Supplied information Block Start

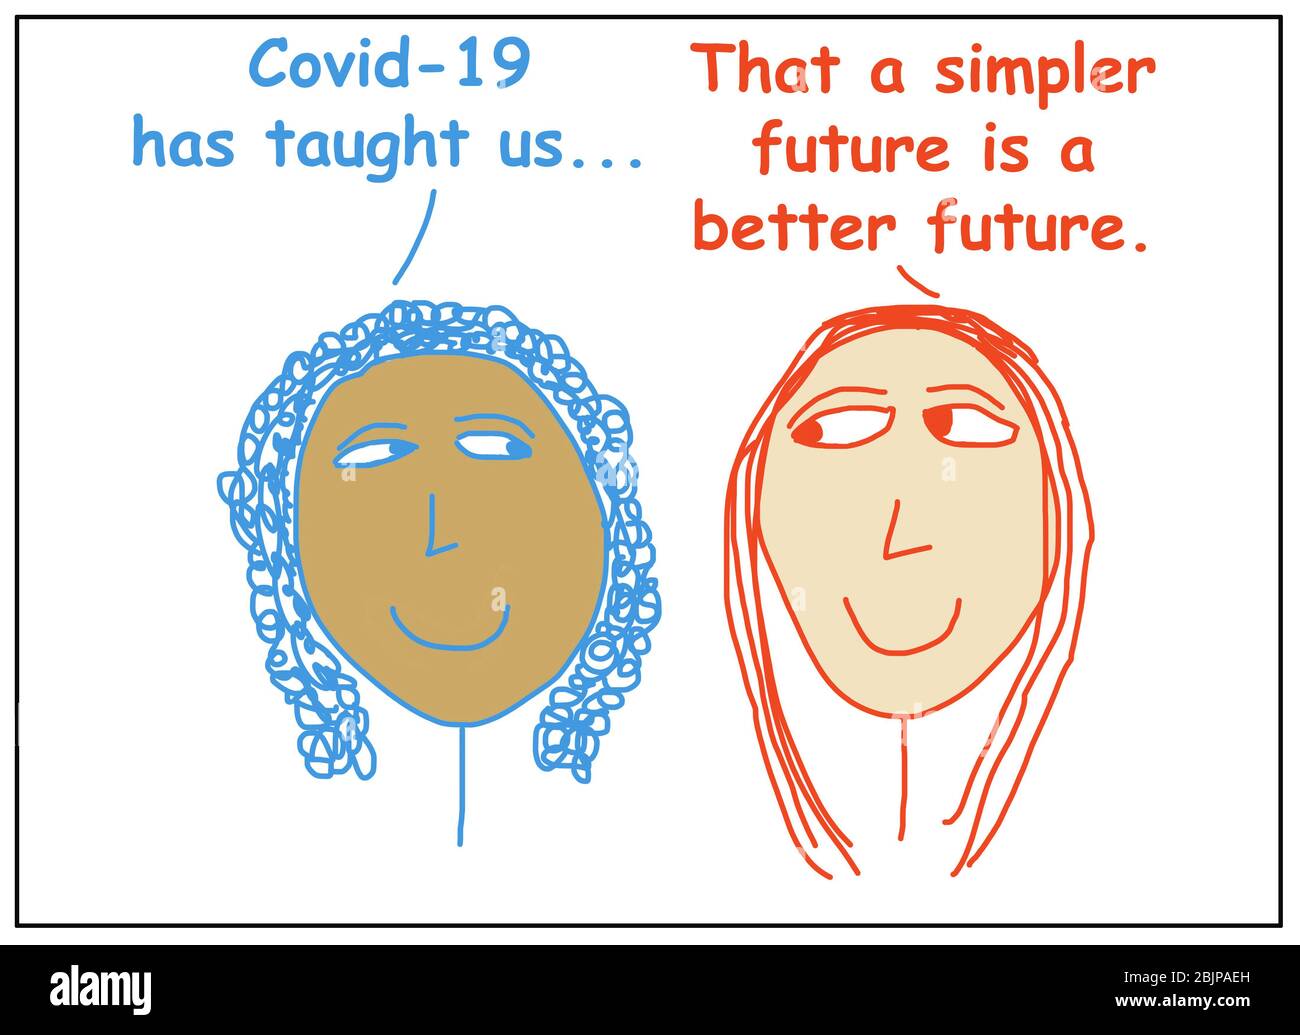 Dessin animé de couleur de deux femmes ethniquement diverses disant que Covid 19 nous a appris qu'un avenir plus simple est un avenir meilleur. Banque D'Images
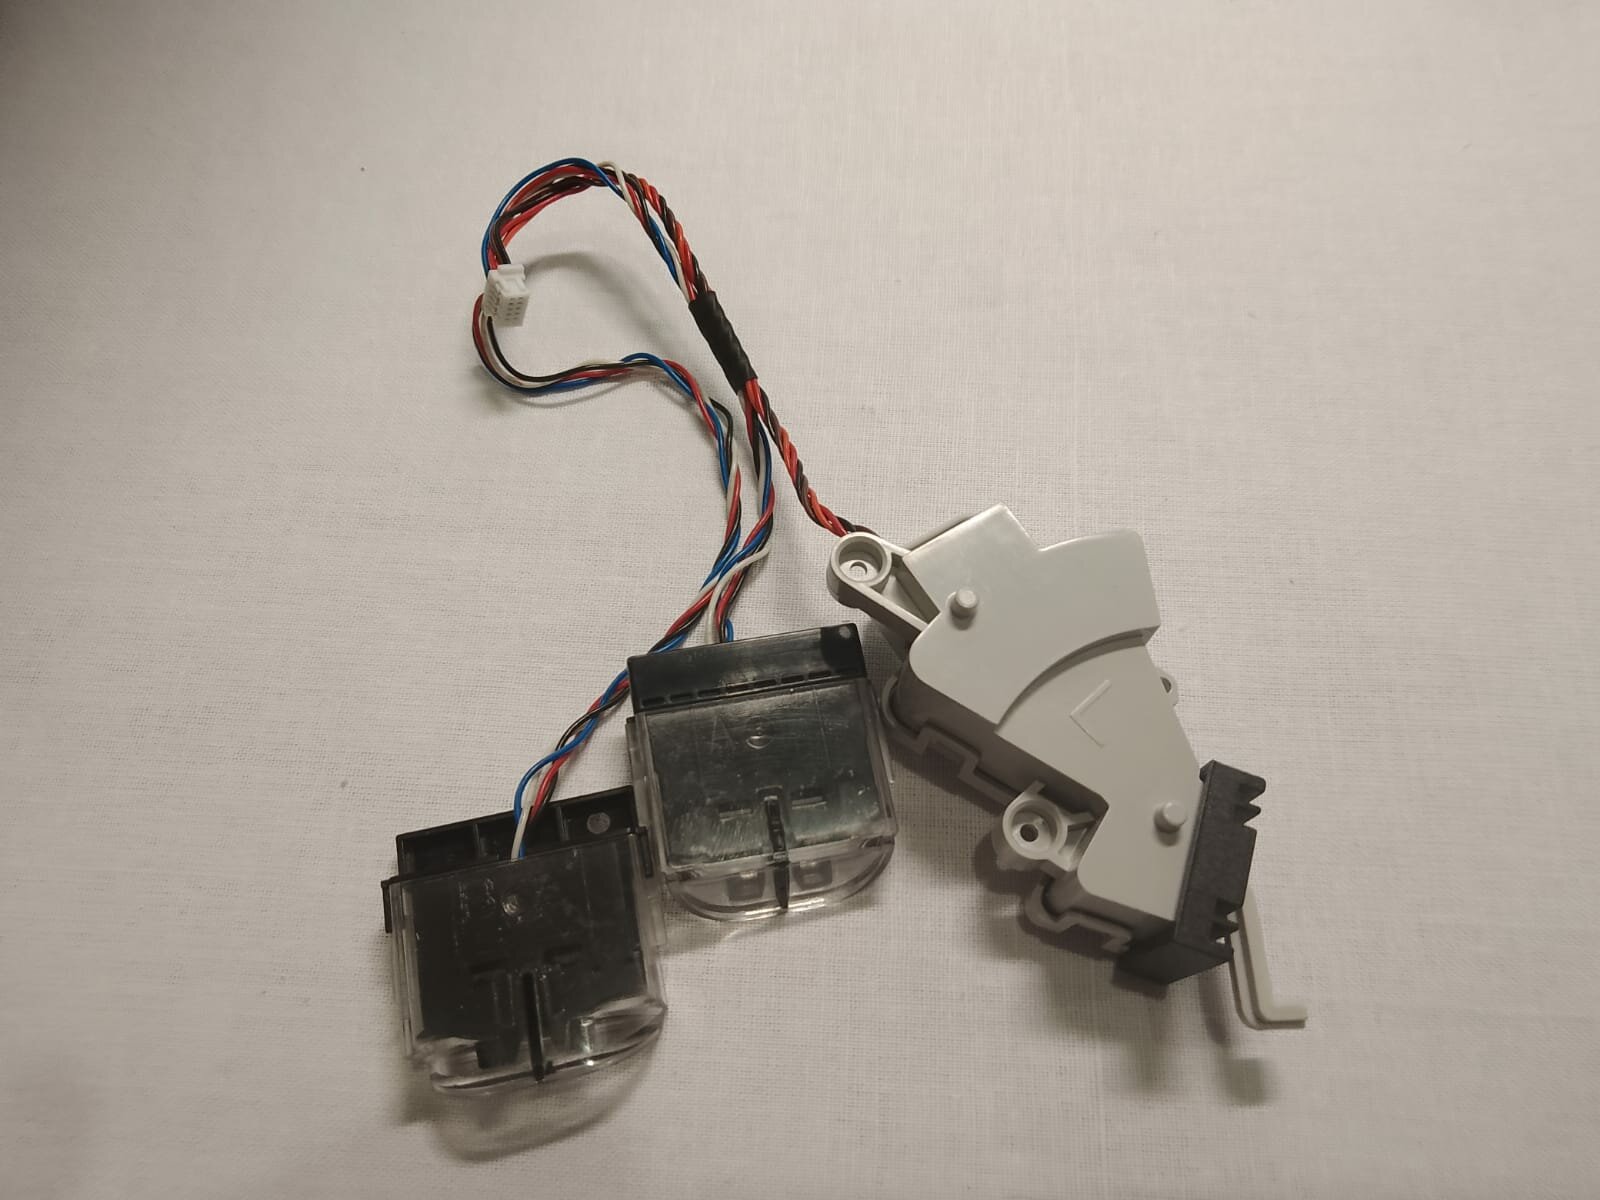 Механический датчик столкновения левый (L) + датчик высоты, падения для робота - пылесоса Roborock Robotic Vacuum Cleaner S502-00
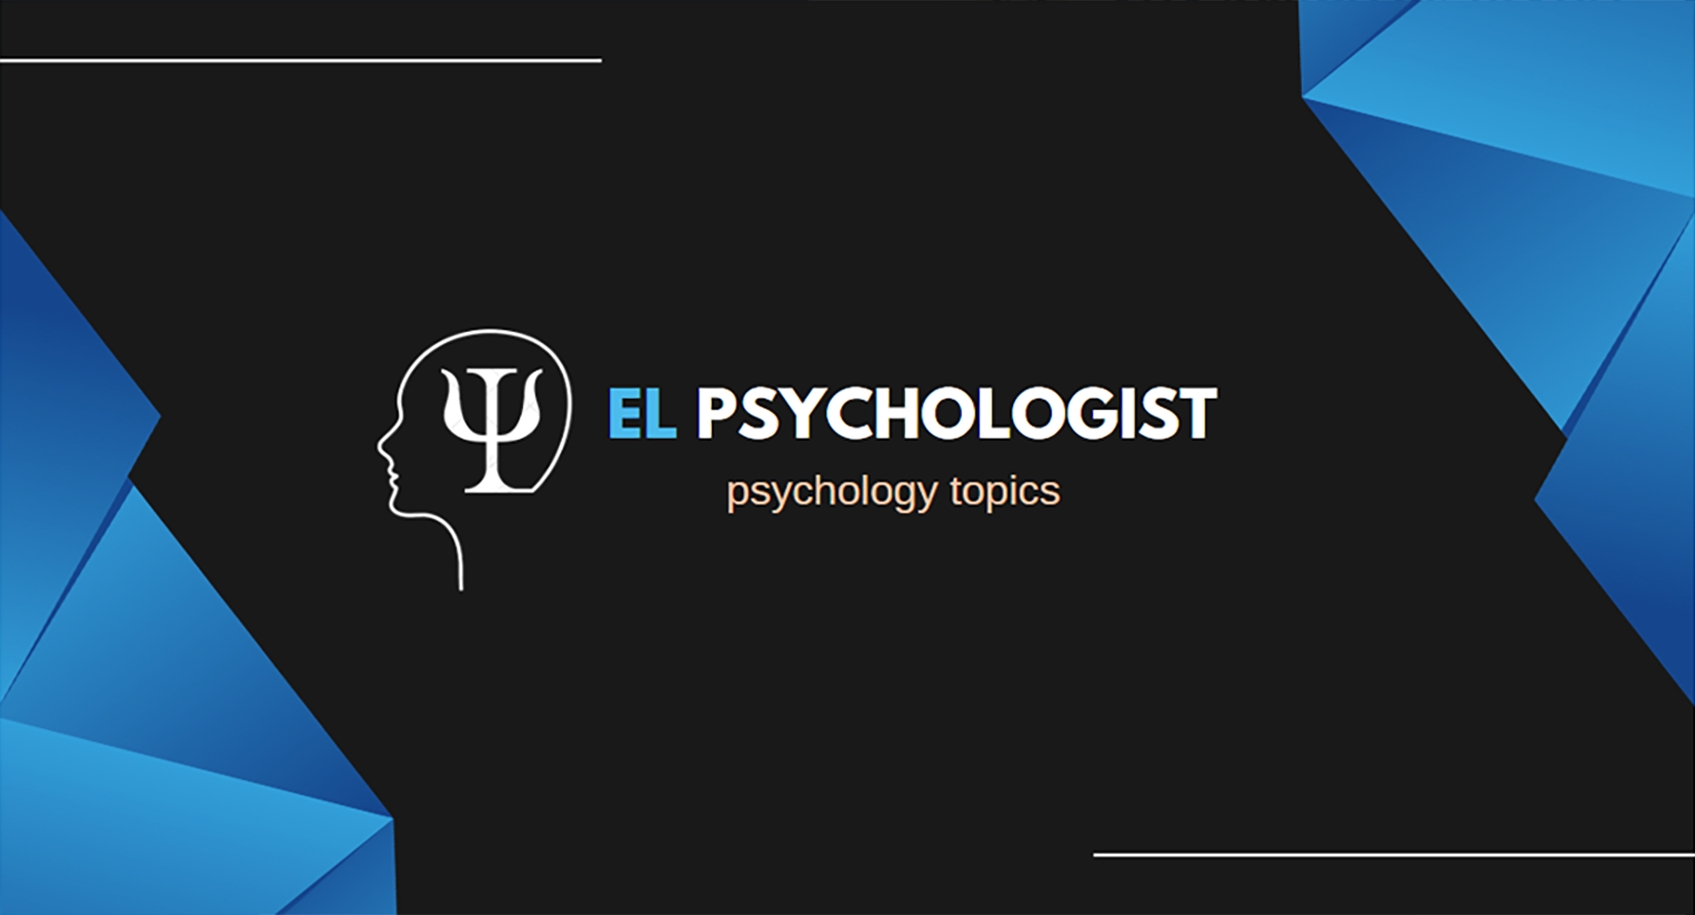 El Psychologist

Supplied information Block End

To do
Leave out the pictures and give the rest of the material again, unaltered.

The answer
 Dessin animé de couleur de deux femmes ethniquement diverses disant que Covid 19 nous a appris qu'un avenir plus simple est un avenir meilleur. Banque D'Images
 Механический датчик столкновения левый (L) + датчик высоты, падения для робота - пылесоса Roborock Robotic Vacuum Cleaner S502-00
 El Psychologist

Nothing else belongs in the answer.